The bad news, all non-color savvy apps such as Internet Explorer will display images way too saturated (that's how it is with wide gamut screens, you can't blame HP).

The only web browser that will display your (and anybody else's) website properly is Firefox 3 with color management enabled.

In the address bar type about:config then click "I'll be careful, I promise!" then place this in the filter gfx.color_management.enabled then double click it to set it to enabled. Restart Firefox.

The other bad news, the screen isn't quite uniform. The right side of the screen is slightly but visibly warmer (redder) than the left side. I calibrate a 'sweet spot' just left of the centre and check my images there. Apparently this is not uncommon for this type of screen.

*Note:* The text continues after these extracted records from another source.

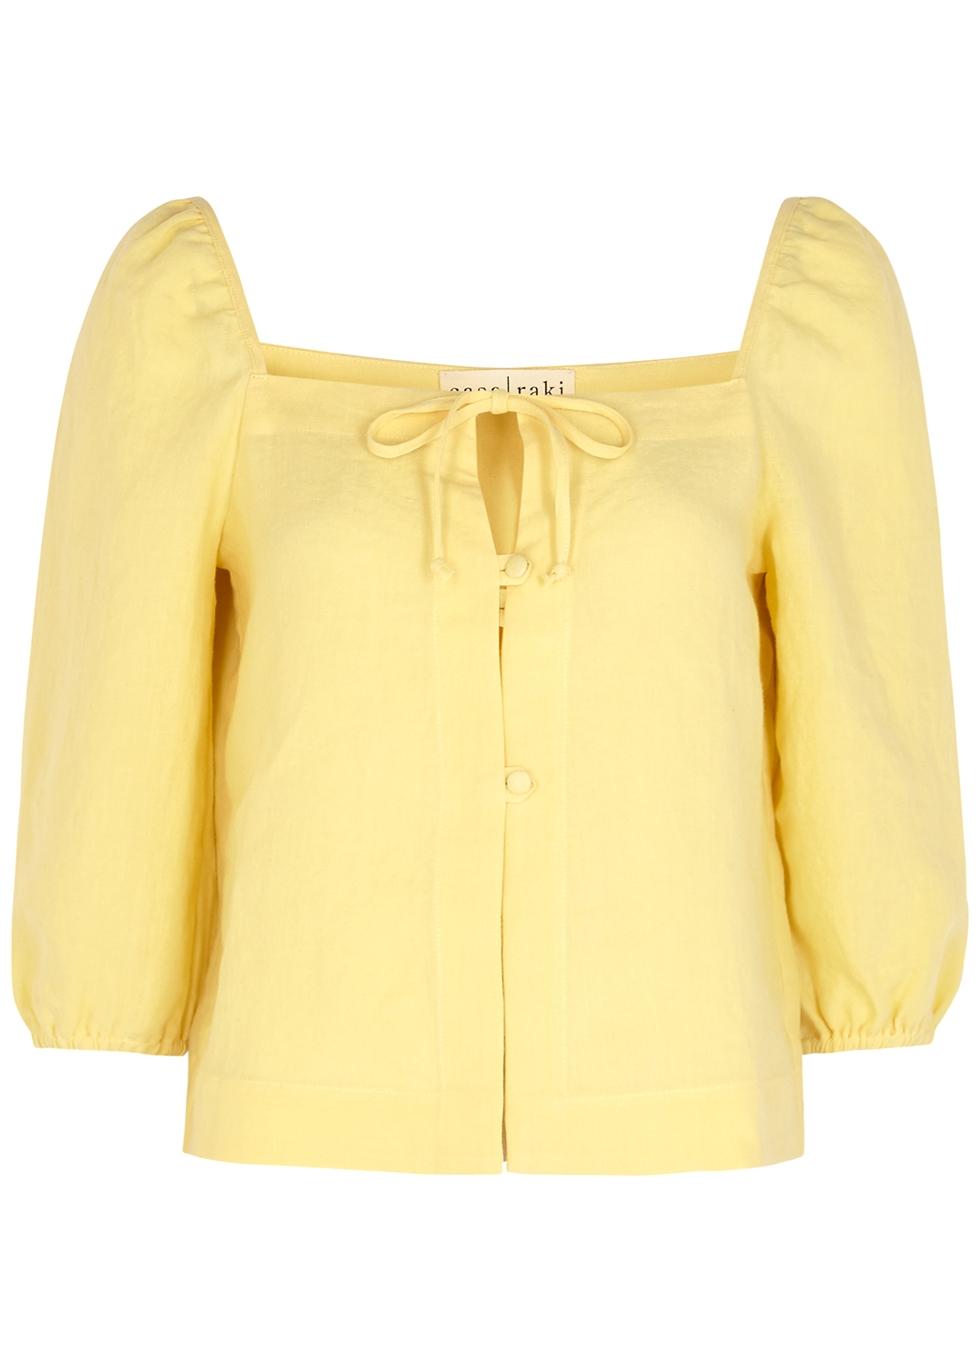 Nicola yellow linen top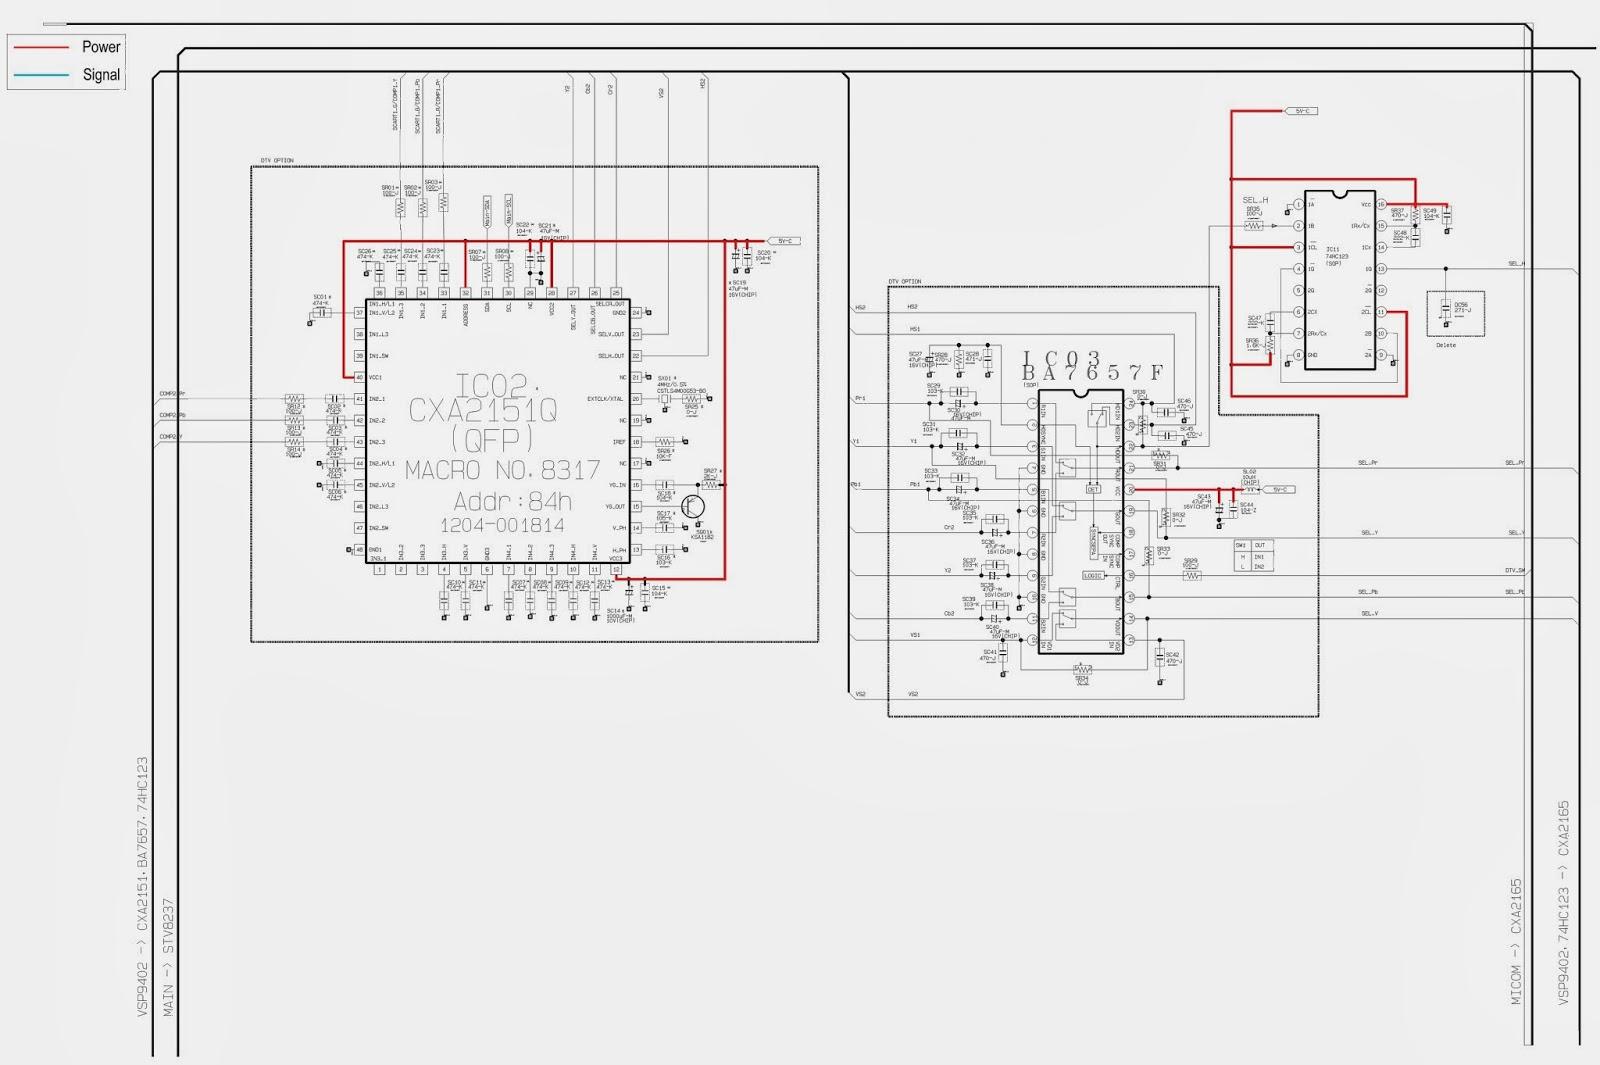 97 Nissan 240sx Fuse Box. Nissan. Auto Fuse Box Diagram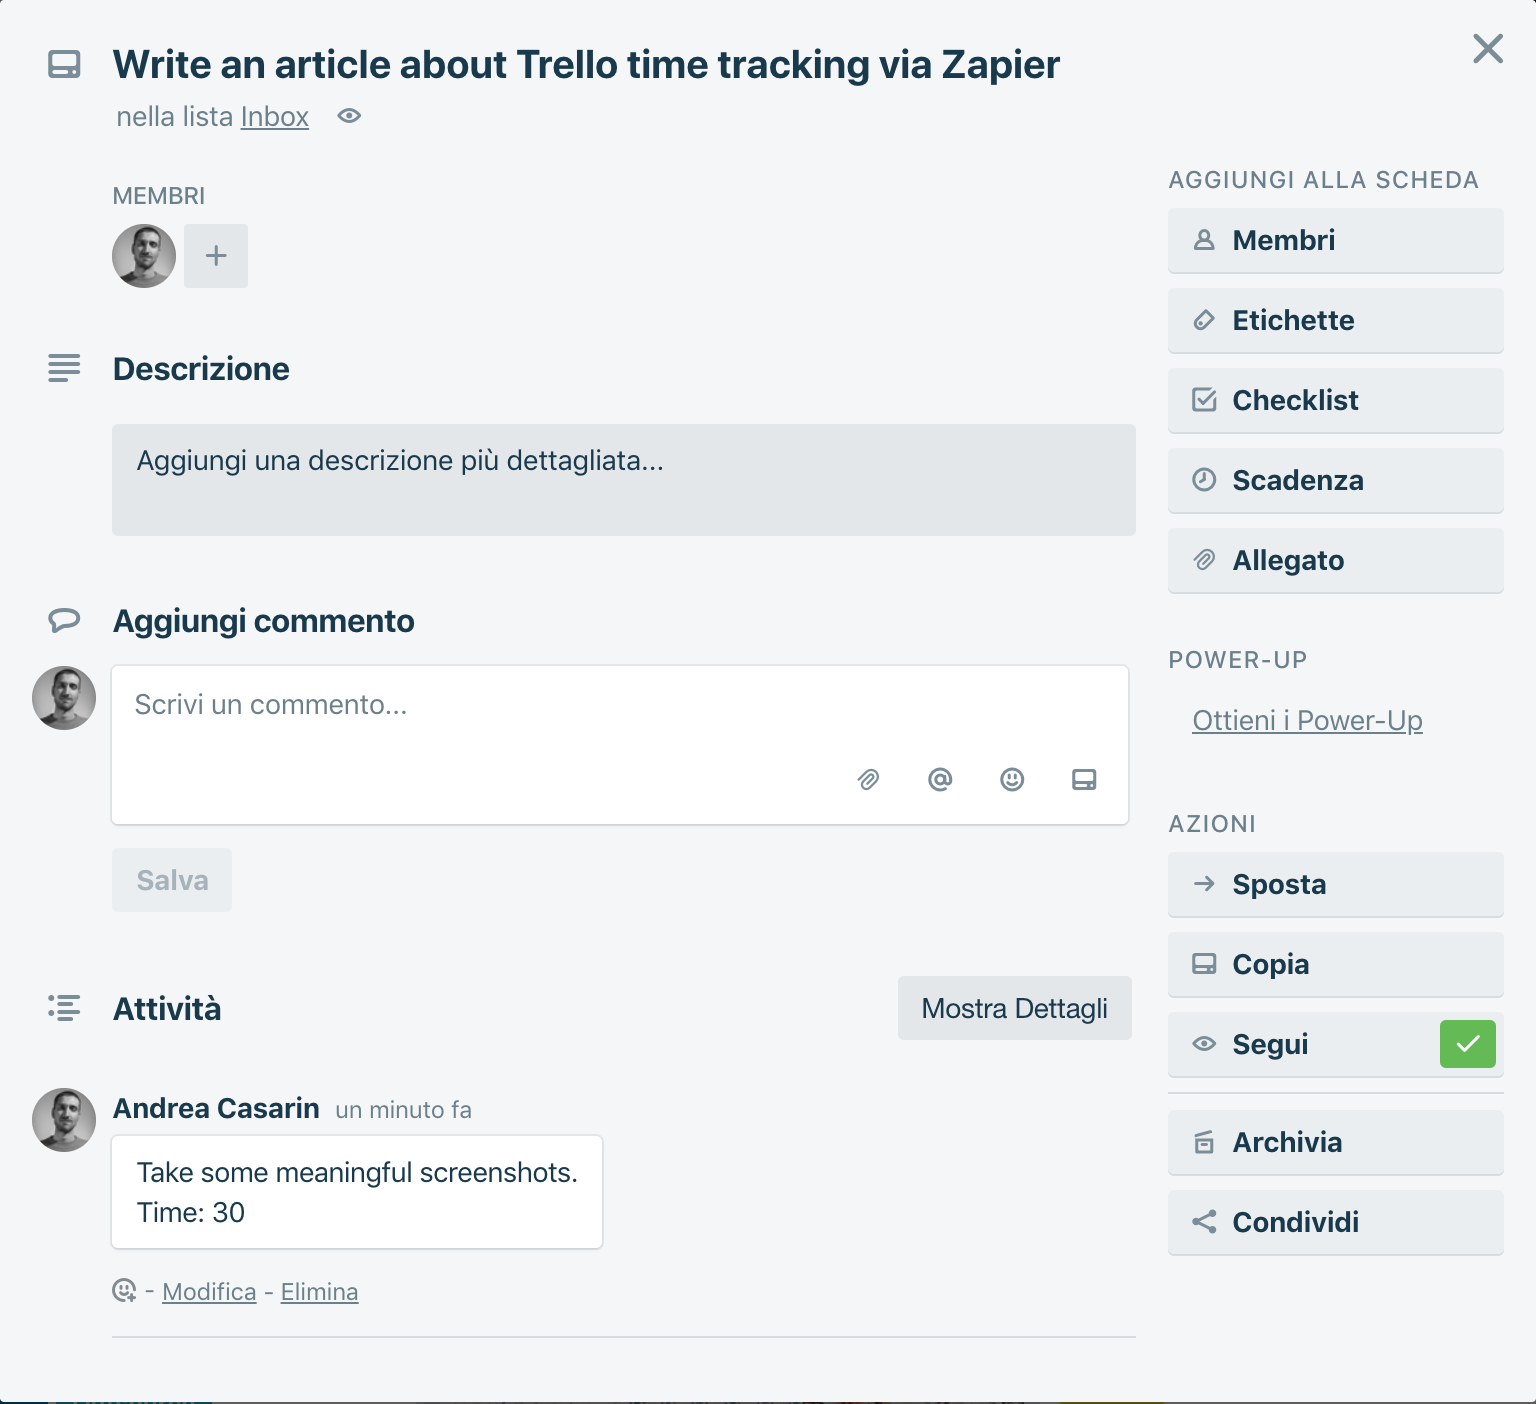 Trello + Zapier + Google Sheets = Time Tracking - Step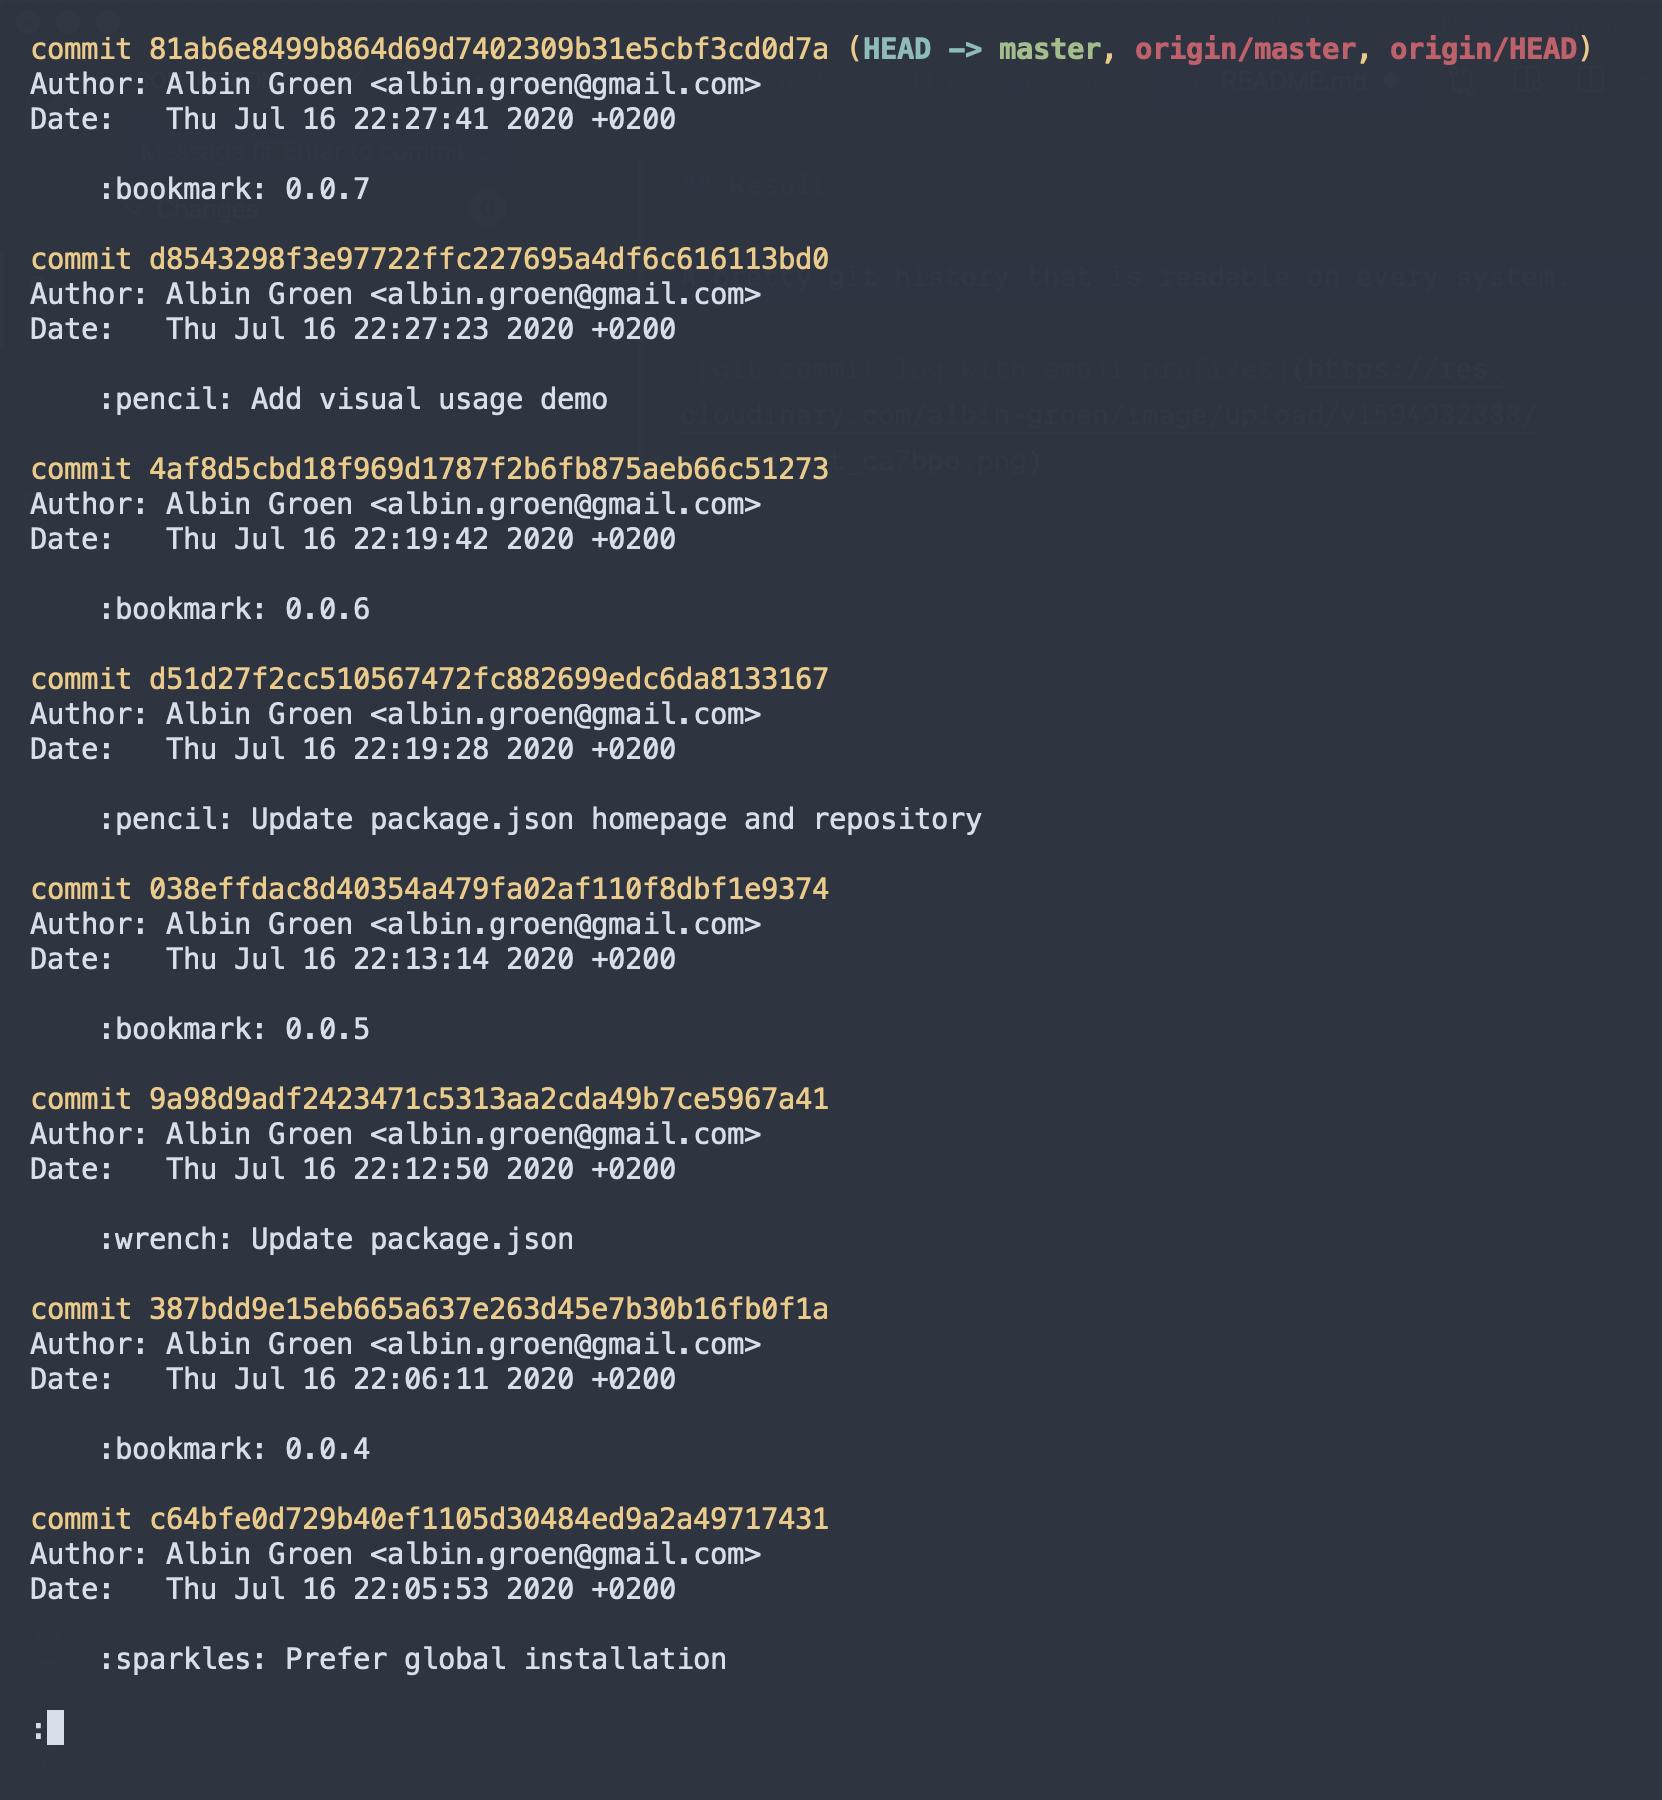 git commit log cli with textual emoji prefixes

Also, by default the RGB channels are set to 255, 255, 255 which is way too high. You can adjust the Brightness down to 20 or so but that gave me an uneven calibration with too much red in the highlights. I first set the RGB values in the on-screen display to more moderate values, say 180, 180, 180, and a higher Brightness, 70-80 or so, and then start calibration. This gave me a much smoother result (easily check by making a smooth 16-bit gradient in Photoshop from black to white across the entire screen, then check for color banding).

Yet different bad news, the supplied DVI cable gave me green sparklies and jitter. However, the supplied HDMI-cable gives a stable and clean signal. Maybe it's not the cable but the DVI-inputs. DVI-input 1 was worse than DVI-input 2. I called HP and they authorized a DOA (dead on arrival) exchange without fuss.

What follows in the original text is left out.